At the heart of every blockchain's functionality is the ability to reliably interact, read, and write data. A critical component that enables this communication between nodes is RPC (Remote Procedure Call) nodes. In simple terms, RPC nodes act as messengers facilitating requests and responses between nodes on a blockchain network. They allow applications and services built on blockchains to read chain data and submit transactions.

Despite their essential role as intermediaries for blockchain data transactions, RPC nodes often remain poorly understood behind the scenes. This article aims to shed light on these unsung heroes powering blockchain interoperability and data accessibility. It will provide a comprehensive overview of RPC nodes, dissecting their anatomy, functionality, limitations, challenges, and real-world significance. The goal is to provide a comprehensive overview of RPC nodes and how they enable various interactions within blockchain networks.

Understanding Blockchain Nodes

A node is a fundamental component of blockchain networks that stores a copy of the blockchain ledger and helps maintain the network. Nodes are responsible for validating, broadcasting, and relaying transactions across the network. Different types of nodes serve various functions:

Full nodes

Full nodes store a complete copy of the blockchain ledger and verify all transactions and blocks on the network. They have significant storage capacity and bandwidth to operate. Full nodes independently validate all transactions and blocks, acting as a source of truth for the network.

Light nodes

Light nodes store a partial copy of the blockchain and rely on full nodes to verify transactions and blocks. They have lower hardware requirements than full nodes but cannot independently validate the entire blockchain state.

Archival nodes

Archival nodes are enhanced full nodes that, in addition to the entire blockchain ledger, maintain a complete archive of historical blockchain data, including old unused accounts, spent transactions, and other metadata. Archival nodes allow users to query detailed historical data.

Mining nodes

Group and validate transactions into blocks and add them to the blockchain. They also produce new cryptocurrency through mining.

Master nodes

Master nodes provide special functions like increased privacy and instant transactions. They require a collateral stake to operate.
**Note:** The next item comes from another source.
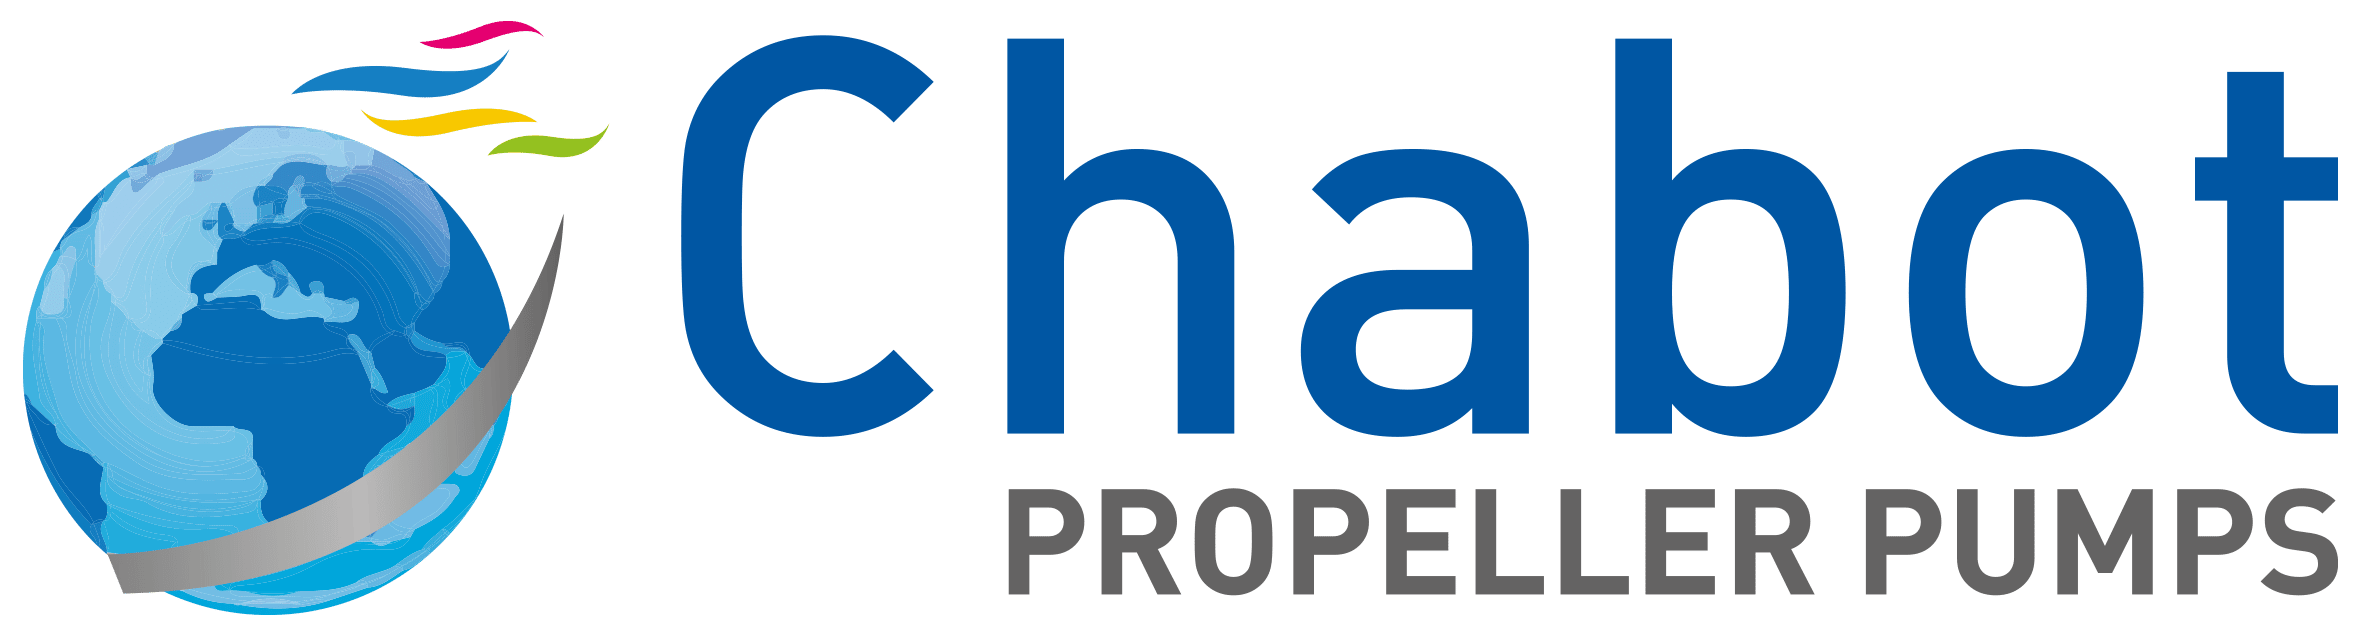 Logo Chabot

The decentralized nature of blockchain stems from this peer-to-peer network of nodes. Instead of a central server, the nodes collectively power the network by contributing computing resources. Each node stores a copy of the ledger and participates in transaction validation and block creation, eliminating the need for centralized control.

The distributed consensus mechanisms ensure all nodes stay in sync while updating the blockchain ledger. New blocks propagate through the network as each node communicates with peers, enabling the blockchain's resilience and security without centralized servers.

What Makes Remote Procedure Call (RPC) Nodes Unique?

RPC nodes play a unique and crucial role in blockchain networks. Unlike full nodes, which store and validate the entire blockchain, or light nodes, which only store block headers, RPC nodes act as a bridge between a blockchain and applications external to the network.

RPC refers to a protocol allowing a program on one computer to execute a program or function on another. The requesting program is called the client, while the computer running the requested program is called the server.

The core purpose of an RPC node is to facilitate read and write operations on the blockchain by exposing an API for applications to interact with. This function allows external programs to query data from the blockchain and submit transactions without running a full node themselves.

RPC nodes enable applications to retrieve information like account balances, smart contract data, transaction details, and more through API calls. Developers can leverage RPC nodes to build decentralized applications that can read blockchain data without running an entire node.

Defining RPC

RPC is a protocol that allows a computer program to execute code or procedures on another computer over a network. With RPC as a local function, a client program can call methods or procedures on a server program. The underlying network communication details are abstracted away.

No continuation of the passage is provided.